Jul 28, 2011

Kasih Tuhan Tidak Palsu


Di suatu pagi saya sadar kalau sudah tidak memiliki uang. Bahkan seribu rupiah sekalipun. Sebenarnya, di rekening Bank Mandiri masih ada sisah tiga puluh ribu rupiah. Tapi jumlah segitu tak bisa di ambil lewat ATM. Saldo minimal adalah seratus ribu rupiah. 

Biasanya, kiriman dari orang tua cukup untuk sebulan. Tapi bulan itu terlalu banyak pengeluaran. Maklum, saat itu saya masih mahasiswa semester awal di Fakultas Teknik, Universitas Pakuan, Bogor. 

Saat itu saya harus ikut Orientasi Studi dan Pengenalan Kampus (Ospek) . Fakultas kami menyebut STAPAK. Kegiatan ini menyita banyak energi, pikiran dan juga materi.

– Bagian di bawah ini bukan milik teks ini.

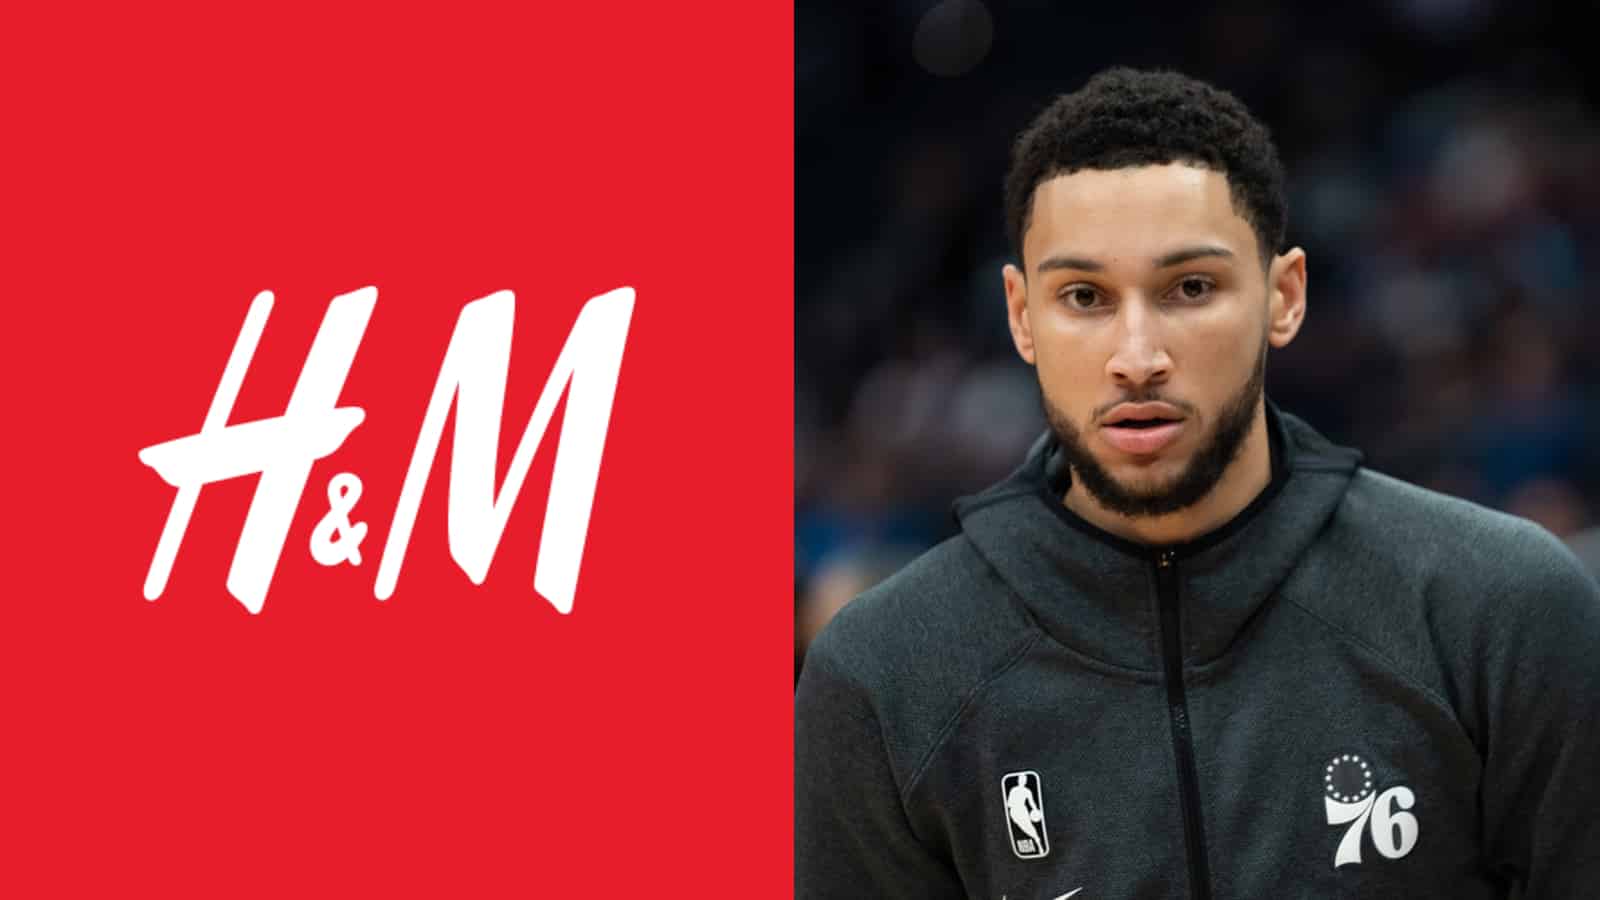 H&M logo and Ben Simmons

Saya harus lengkapi banyak kebutuhan seperti; sepatu hitam, senter, peluit,  celana kain, dan masi banyak lagi. 

Saya juga wajib bayar uang pendaftaran sebesar dua ratus ribu rupiah.  Dan saat itu (mau tidak mau) ongkos makan harus jadi korban.

Saya bergegas kirim pesan singkat (SMS) ke mama saya di Nabire, Papua. Saya bilang kalau uang makan sudah habis. Juga jelaskan apa yang terjadi di kampus saat aka nada Ospek. Lalu minta tambahan uang makan. Balasannya mama bersedia kirim. 

SMS itu saya kirim pagi hari. Harapannya, siang atau sore sudah bisa ada kiriman. Saya tidak terbiasa mengambil bon (utang)  di warung makan. Saya memilih bersabar sambil menunggu SMS dari mama.
Sudah siang hari tak ada kabar. Sudah semakin lapar tapi berusaha tahan. Setelah pulang dari kampus, saya baca buku di kontrakan. Tak terasa saya tertidur pulas. Terbangun di sore hari. Perut suda waita (lapar) sekali. 

Saya langsung meraih handphone yang terletak disamping kiri kepala saya. Berharap ada pesan SMS dari mama. Sayang, SMS tak kunjung ada di pesan inbox.

Dengan badan yang loyo (malas), saya berdiri menuju kamar mandi. Hendak cuci muka. Saya melangkah ke depan kampus, tempat di mana ATM mandiri berada. Kebetulan kontrakan berada tidak jauh dari kampus. Kira-kira jaraknya dua ratus meter. 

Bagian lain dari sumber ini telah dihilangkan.